New buyer personas are emerging, like AI Transformation Officers or Chief AI Officers, so you need to keep an eye on where role responsibilities and budgets lie over the next couple of years.
Relentlessly Quantify Value
”I’ve never seen from customers such a voracious appetite to ensure ROI from a product,” Elizabeth says. They want to know what’s happening from day one. This is hard to do well, and you need data from the product and context from the customer to understand what they really care about, which is different for everyone.
Then, package that up into a narrative that makes sense. Don’t underestimate the investments you need to make here to be compelling to your customers.
Just as much as customers want to know ROI, they also want to tinker with Copilot for their use case and team. This is exciting but also taxing on your org, especially when you’re small.
You have to get opinionated about what POC is worth supporting and how you will measure the impact. Sometimes, you have to say no or push them into a specific package, which is true post-sale for adoption. Customers say they’ll let interested developers use it, but you really need to get everyone going.

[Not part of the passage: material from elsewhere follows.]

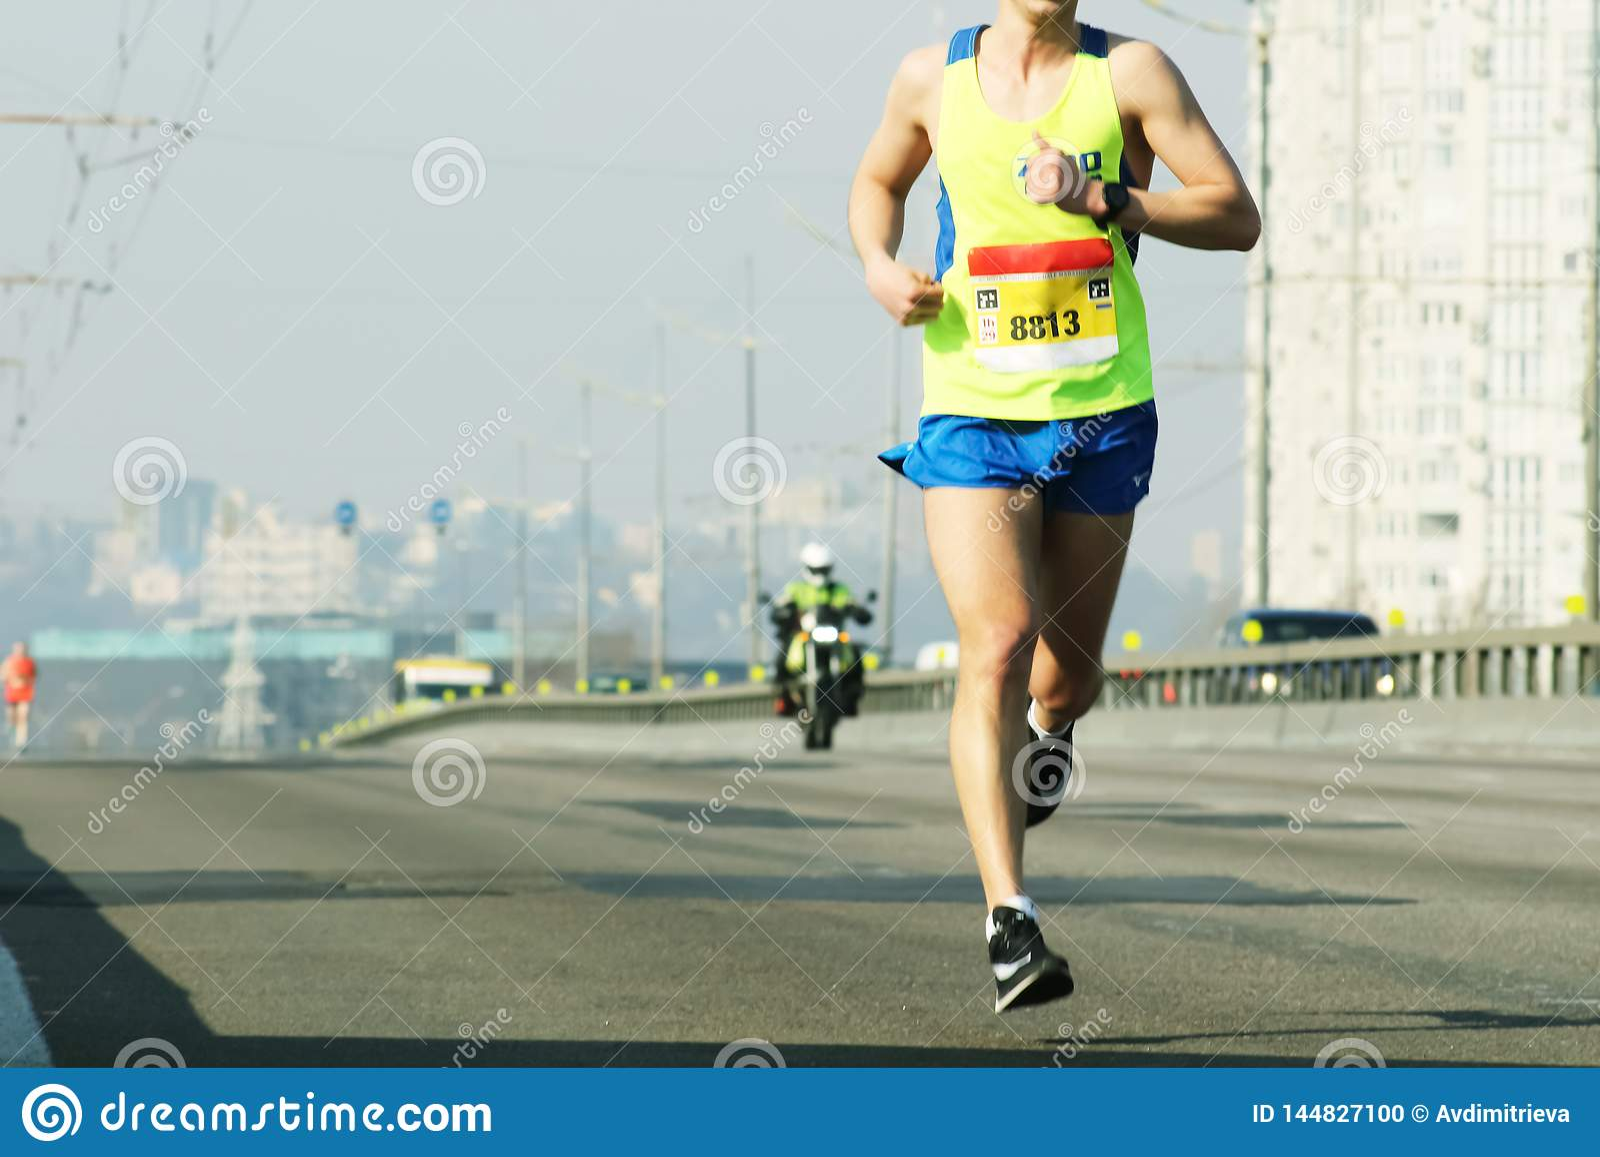 Maratonspring i morgonljuset K?ra p? stadsv?gen K?ra f?r idrottsman nenl?parefot L?parespring f?r ung kvinna p? stad
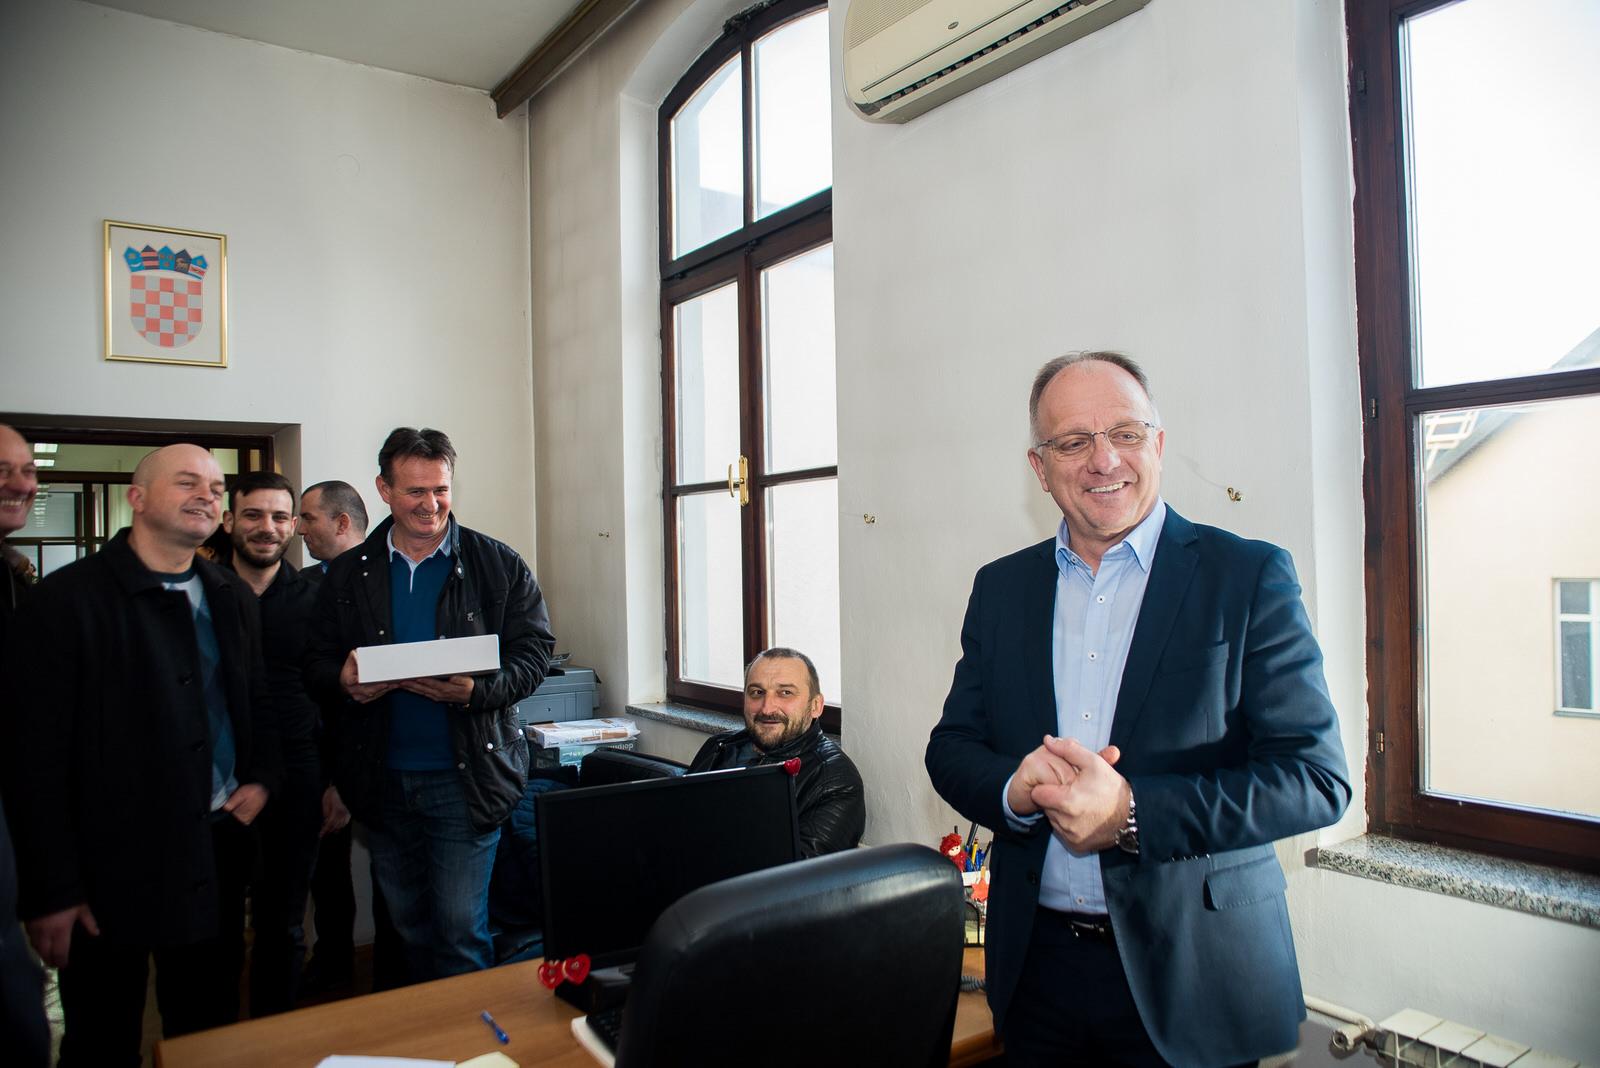 likaclub_politika-gospić_2019_bura-promjena-4

Be prescriptive about the adoption journey.
Driving Growth at Scale

If you’re lucky, this massive business you’re building is showing signs of strain in certain areas because of rapid growth. The next horizon is scaling. Your greatest asset is the hours of experts on your teams.
How do you make your sellers as productive as possible when they can’t possibly keep up with the demand? You have to put as much as possible into self-service channels, enable partner networks to help, record things, and drive a one-to-many approach.
In times of massive scale, it’s an opportunity to get more opinionated about your pipeline because you have a lot coming in. You want to get a baseline to measure and attribute it and identify the levers to pull around it.
Another big investment during rapid growth is digital moments. You need customers to do everything themselves, on demand, without human intervention. You can brute force these things initially, but it doesn’t work at scale. It collapses under process and administrative technical debt created over the years.
Using AI to Handle Rapid Growth
Internal processes and experiences like support can get overloaded by scale. GitHub turned to Copilot to help with the support case queue. Based on its success, it’s now across many support surfaces, deflecting about 60% of tickets and saving tons of man-hours and hires.
The support team can focus on more complex problems. Copilot for support implementation has been a winner, followed by partner strategy. You might arrive at a point where you can no longer support the weight of your own GTM, like sales and post-sales adoption motions.
You need to access new channels and geos, and partners can come in behind you to ensure customers are adopting the product and their ARR is increasing year-over-year. You want to invest time and energy here so that partners are ready to talk to customers.
Double Down on Fundamentals

There’s a lot of noise when you’re scaling fast. How do you help ensure you’re driving signal through all this noise and change? GitHub took all the GTM motions and conversations across the company and organized them through the lens of three revenue plays.
- Land
- Secure
- Accelerate
The revenue plays become the basis for enablement and PMM playbooks and the core of your product roadmap, how finance reports on the business, running MBRs and QBRs, and measuring pipeline. The simple shift of naming these plays creates clarity and alignment around them end-to-end in the business.
Key Takeaways
- Keep customers at the center of the journey of scaling an AI product to millions of users.
- Be nimble in your GTM strategy and pivot based on feedback created by functional feedback loops between customers, revenue, partners, engineering, product, and design.
- Invest in scale engines to make sure you’re ready to get to the next million users of your product.